# Hi there folks



## Excelsis (Sep 8, 2008)

Hi guys, my name's Roger. I'm from switzerland.

Got a question for you all. I'm looking on getting a second hand TT. 2007 / 2008 2.0 DSG model.

I need some information on internal/external colours.

I would really like white both on the inside and outside. A bit like in these pics here :

http://www.autoscout24.ch/CarImages/546/91/5469181-4.jpg

http://www.autoscout24.ch/CarImages/546/91/5469181-1.jpg

Problem is I cant find the colour name. On this internet site it sais : ice blue. does this even exist ?

For the outside it's IBIS white, but i cant find any info for the seat colours.

Can anybody help out ? thanks so much guys


----------



## Wallsendmag (Feb 12, 2004)

Welcome is that not Ice Blue? I don't think there is a white interior.


----------



## Excelsis (Sep 8, 2008)

wallsendmag said:


> Welcome is that not Ice Blue? I don't think there is a white interior.

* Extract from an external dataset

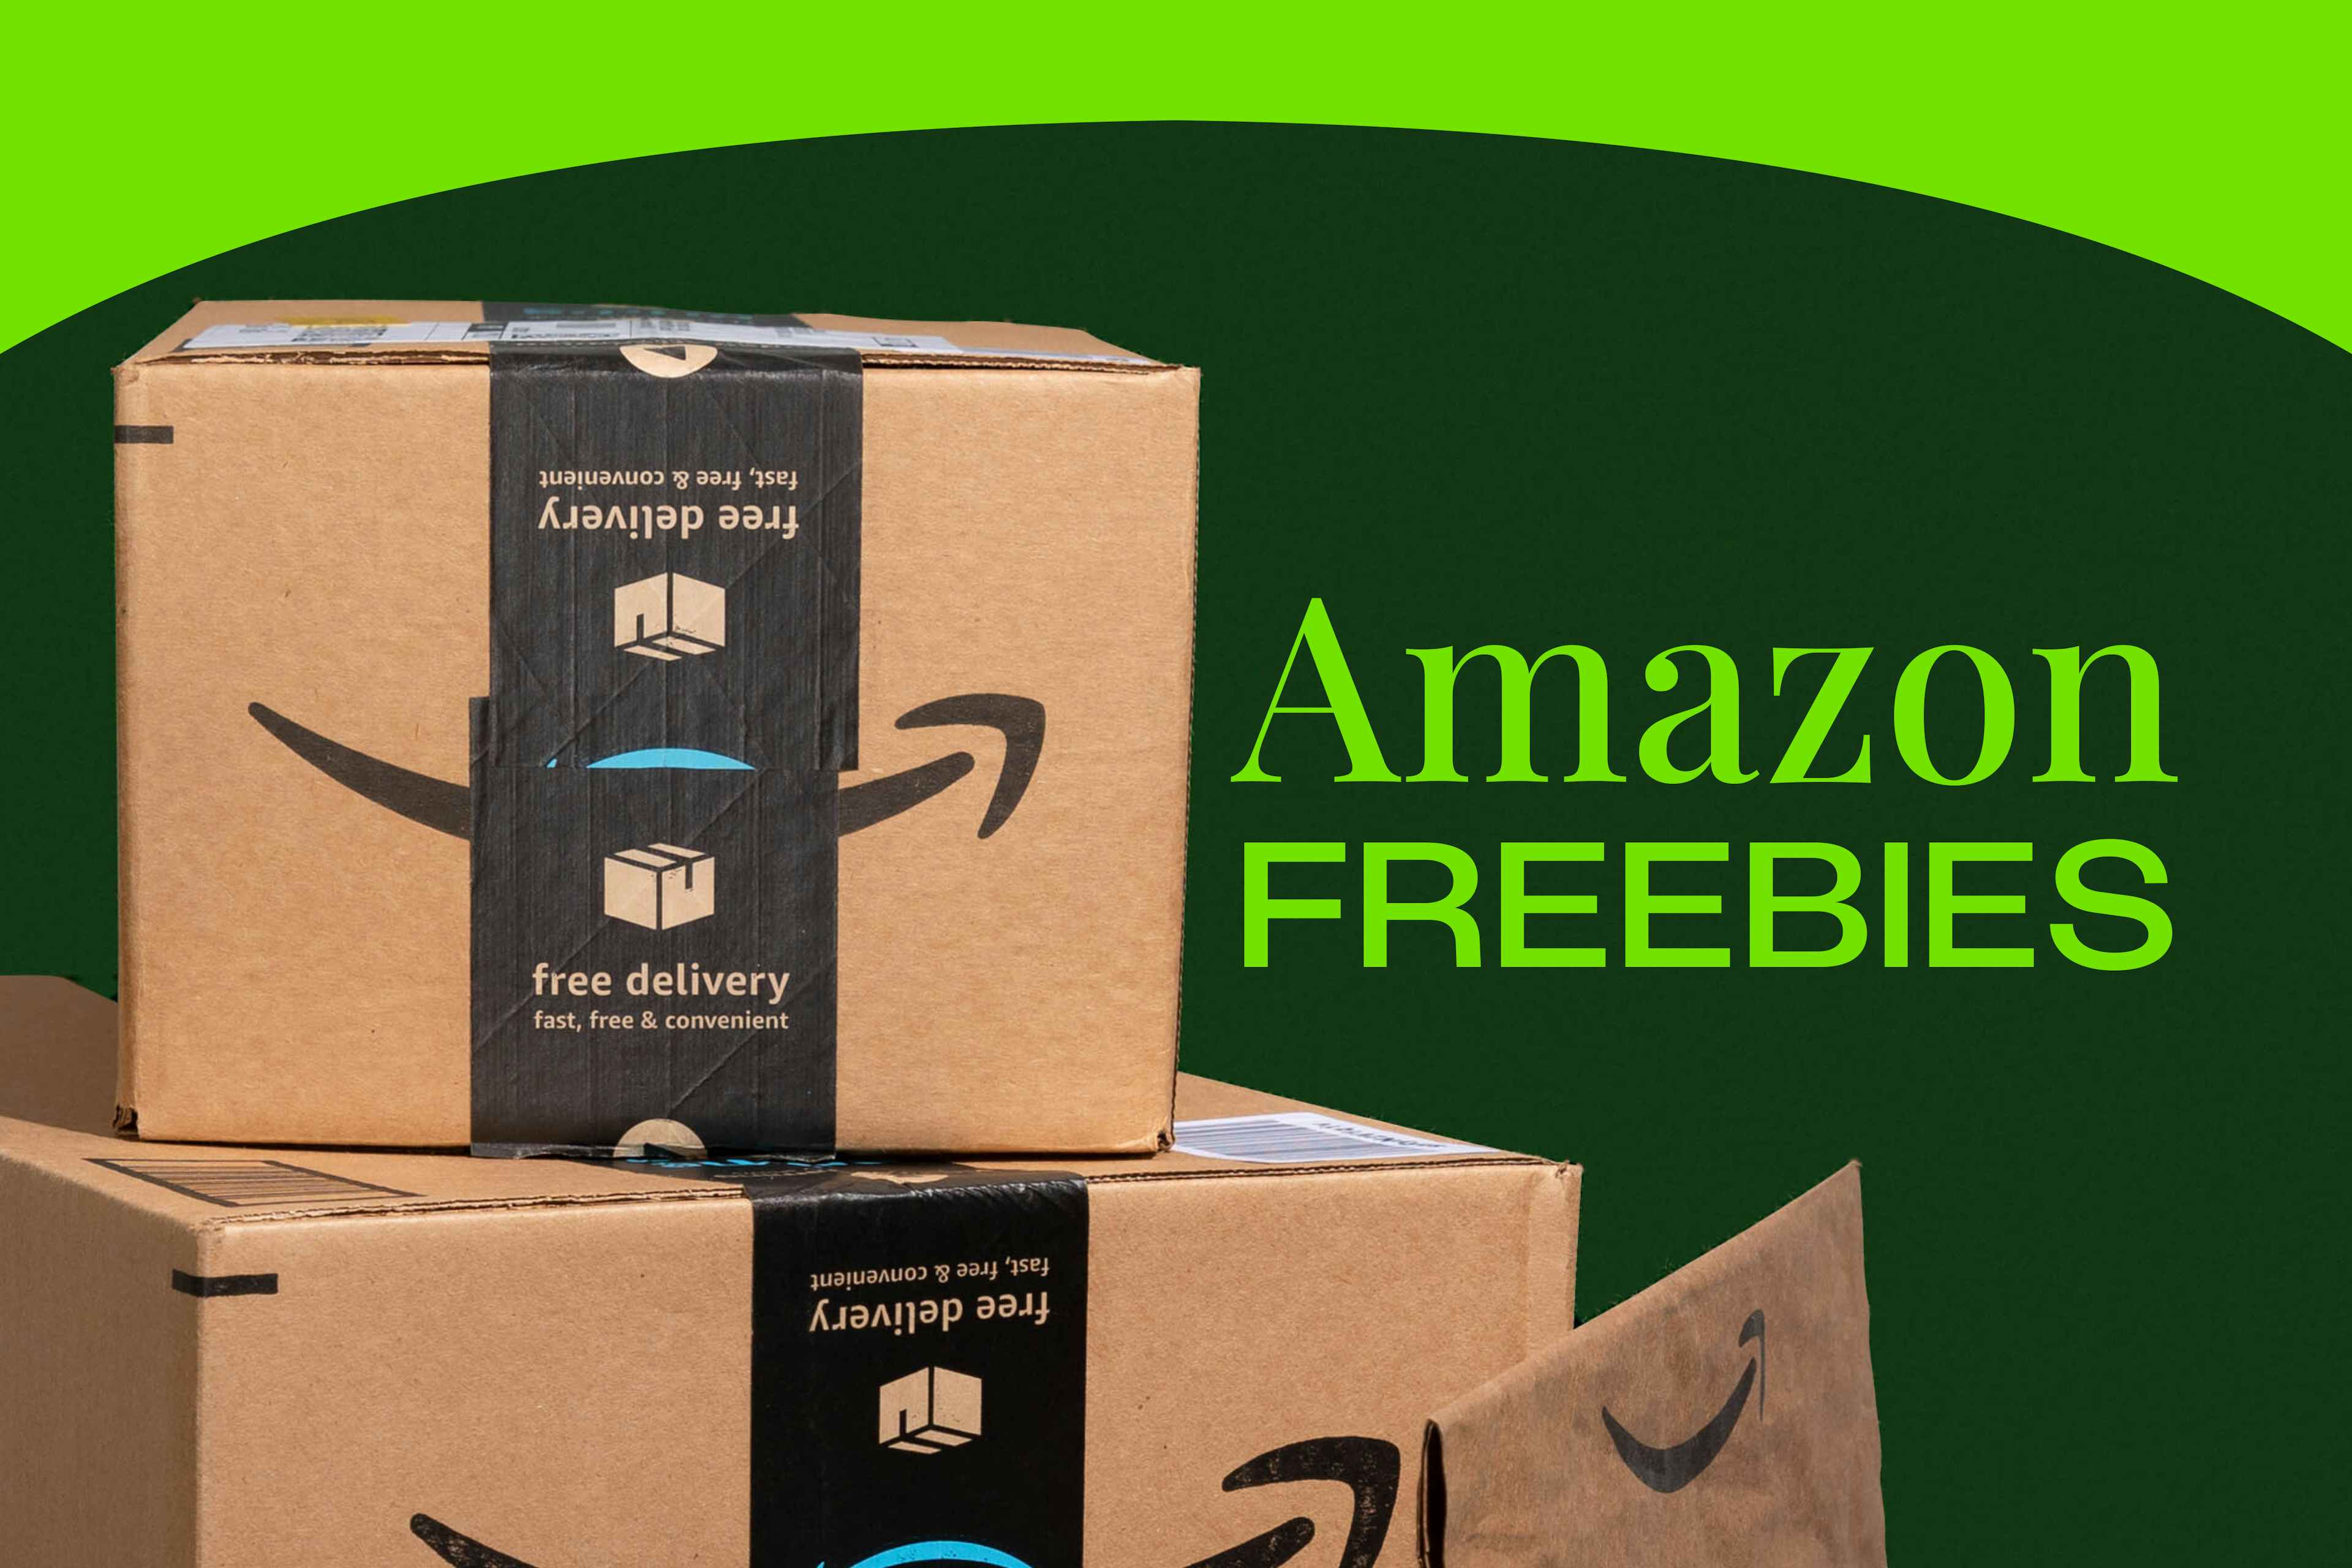 Two stacked Amazon boxes for Amazon freebies.

Hi thanks for your reply. Thants exactly my point. From what I know, a white interior does not exist. Don't tell me that these seats are custom made... :? :?

In your guys opinion, what colour suits a white exterior the best ? I'm thinkin of red.. or maybe mustang brown


----------



## malstt (Apr 18, 2007)

black or grey would give a good contrast


----------